Compiling error, undefined: grpc.SupportPackageIsVersion

Please update to the latest version of gRPC-Go using go get google.golang.org/grpc.

How to turn on logging

The default logger is controlled by environment variables. Turn everything on like this:

$ export GRPC_GO_LOG_VERBOSITY_LEVEL=99
$ export GRPC_GO_LOG_SEVERITY_LEVEL=info

The RPC failed with error "code = Unavailable desc = transport is closing"

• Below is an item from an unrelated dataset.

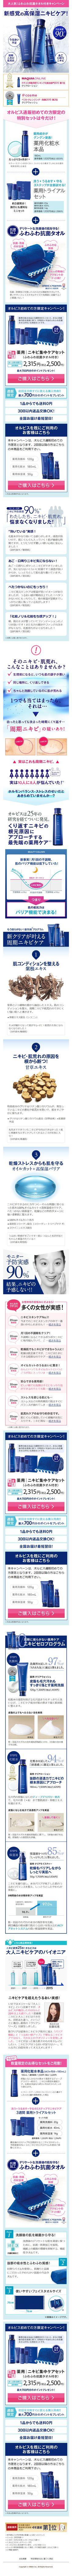 http://pr.orbis.co.jp/cosmetics/clear/158/?adid=line_92&sns=line&pcd=20000636&plnkcd=37097&pmcd=j18&pmsegcd=26&pagtcd=9&pcdflg=1

This error means the connection the RPC is using was closed, and there are many possible reasons, including:

  1. mis-configured transport credentials, connection failed on handshaking
  2. bytes disrupted, possibly by a proxy in between
  3. server shutdown
  4. Keepalive parameters caused connection shutdown, for example if you have configured your server to terminate connections regularly to trigger DNS lookups. If this is the case, you may want to increase your MaxConnectionAgeGrace, to allow longer RPC calls to finish.

It can be tricky to debug this because the error happens on the client side but the root cause of the connection being closed is on the server side. Turn on logging on both client and server, and see if there are any transport errors.